Превращения смысла - Игорь Смирнов 4 стр.


Если homo ritualis и "лиминален" (Виктор Тёрнер), то постольку, поскольку выбрал себе подвижно-постоянную позицию на пороге небытия. Архаический человек ветшает уже во младенчестве и ощущает себя вправе рассматривать действительно престарелых и в качестве избыточных для организованного им общества, и в качестве подлинно-неоспоримого воплощения этой социальности. Один и тот же логический каркас, на котором держится примордиальная социокультура, имеeт разные фасады, оформленные в манере то геронтофобии, тo геронтофилии. Понятно, что обычай способен комбинировать старость, изгоняемую из общества, с той, что наделяется авторитетом: в индуизме тот, кто достиг ее, может учить других, но когда человек чует, что его жизненный путь ("патха") подходит к концу, он покидает очаг и свое ближайшее окружение, пускаясь в странствие ("паривражда", "саньясин").
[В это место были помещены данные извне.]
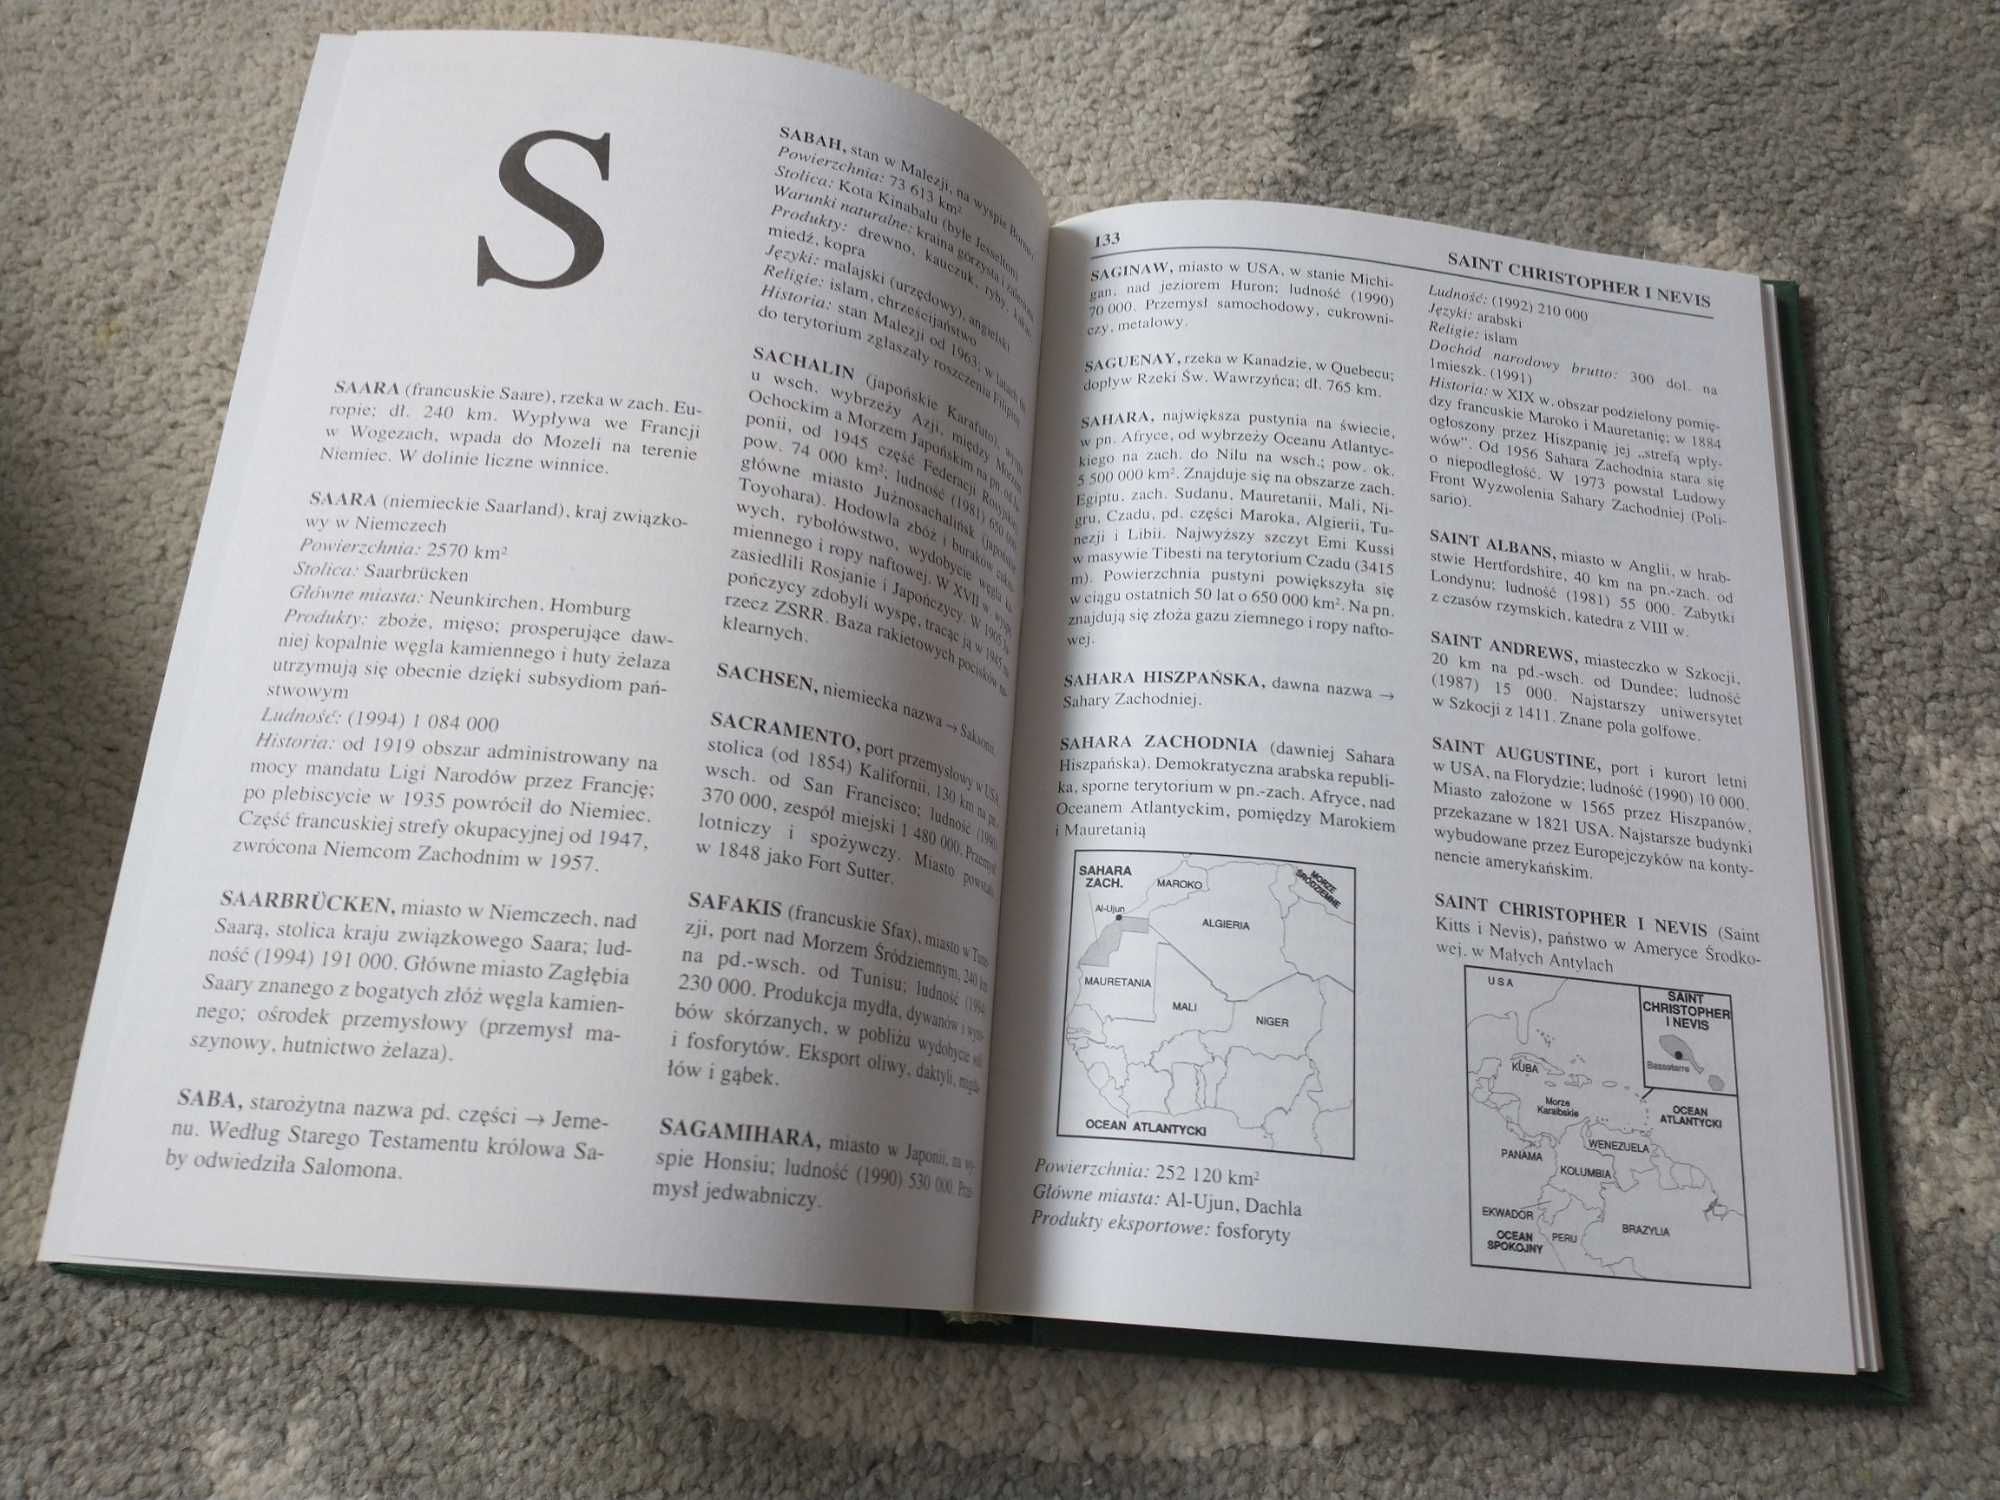 Encyklopedia powszechna Geografia od L-Ż

Если социум отчуждает от себя исчерпавших свой век, то они оказываются носителями "голой жизни", вытолкнутыми из символического (точнее, соматически-семантического) порядка. Джорджо Агамбен ("Homo sacer", 1995) утвердил в философском обиходе понятие "голая жизнь" применительно к преступнику, объявляемому вне закона. Исключение из социального репродуцирования, развивает Агамбен соображения, высказанные Жоржем Батаем в начале 1930-х годов, двусмысленно: в своей потусторонности относительно рутины оно подлежит как искоренению, так и освящению. Тогда, когда старость получает признание в обществе, она сакрализуется в качестве статусной. Старение повышает социальный ранг индивида несмотря на то, заслуживает ли он того или нет. Дань сановного уважения, отдаваемая предельному возрасту, выявляет содержание статуса в его отличие от роли.
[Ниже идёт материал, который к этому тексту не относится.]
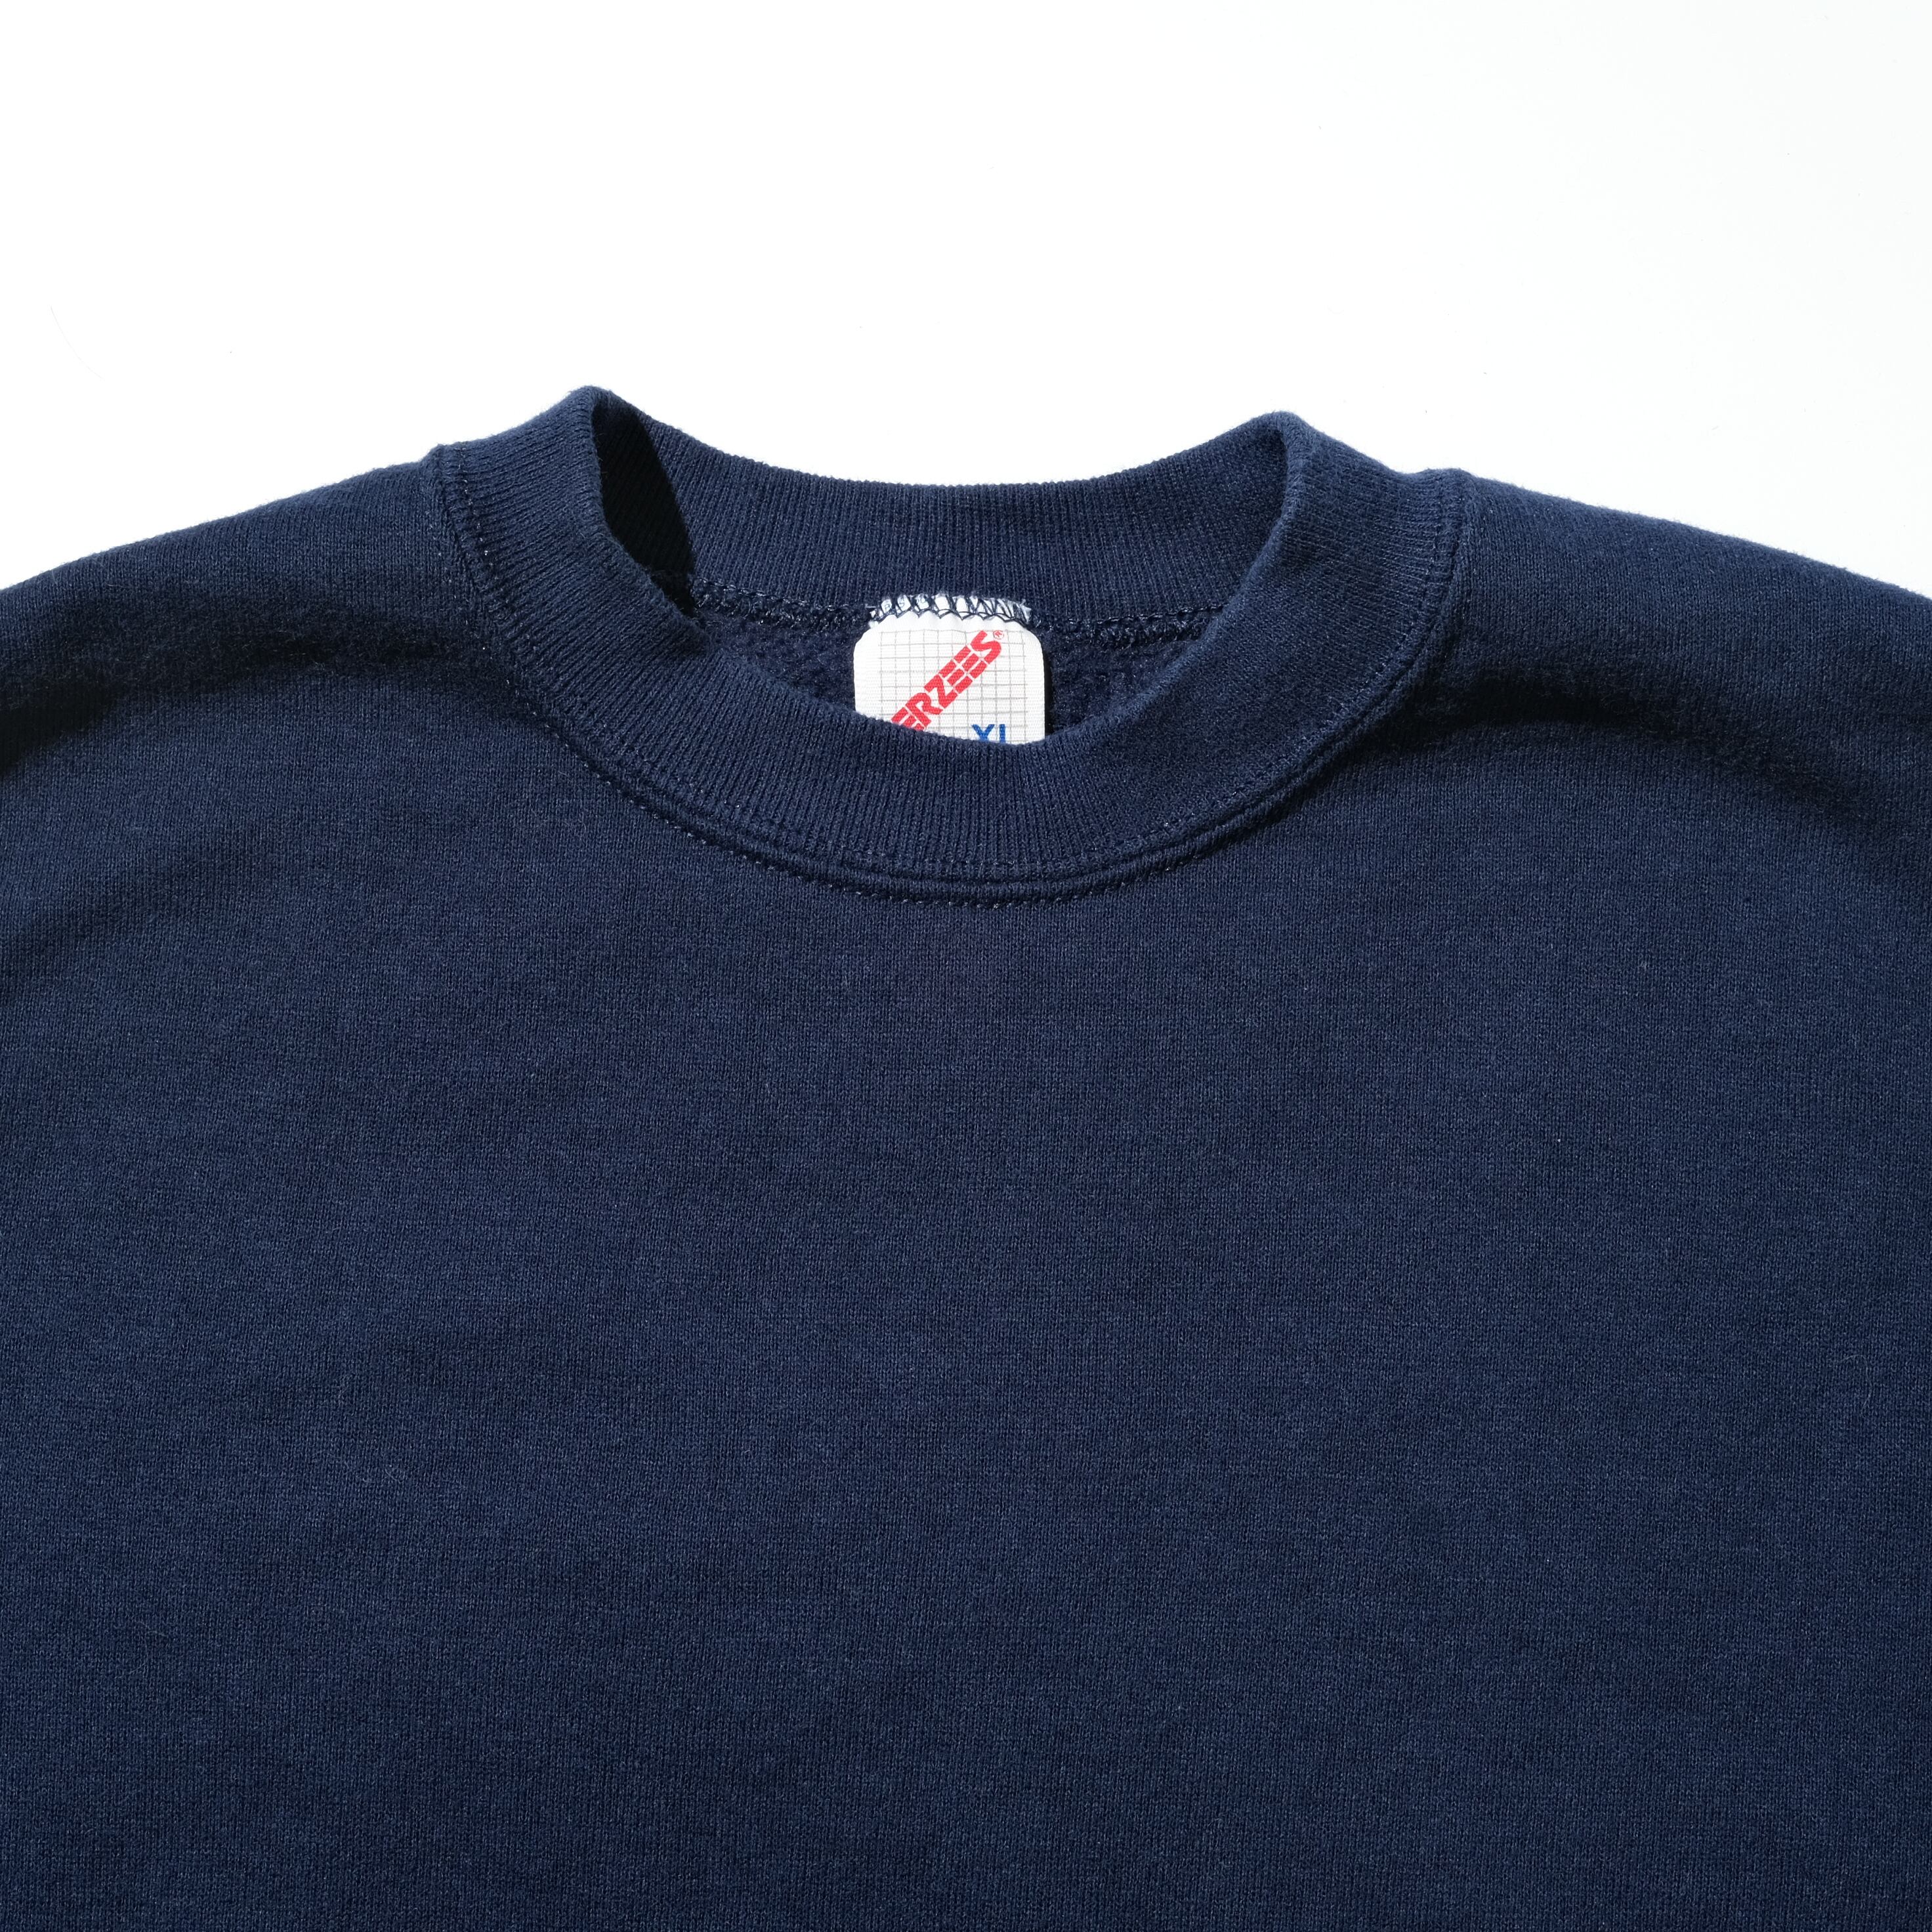 80's JERZEES blank sweat shirt made in USA size XL | goodbuy

Если исполнитель роли (допустим, профессиональной) разыгрывает ее мастерски или неумело, адекватен ей или нет, то статус расположен вне контраста между истиной и фальшью, он имеет смысл, но не значение. Династические элиты (аристократия) – реликт синильного общества: модернизируясь, оно сужает объем статуса, который был дарован всякому, дожившему до седин, до частно-семейного, передаваемого из поколения в поколение по нисходящей линии так, что он вменяется и детям. В современном мире, заполненном (по меньшей мере в индустриально продвинутых странах) пенсионерами, быть престарелым подразумевает выход из социальной роли, что десакрализует, формализует ее противочлен – статус ("Граждане, уступайте место в вагонах пожилым людям…").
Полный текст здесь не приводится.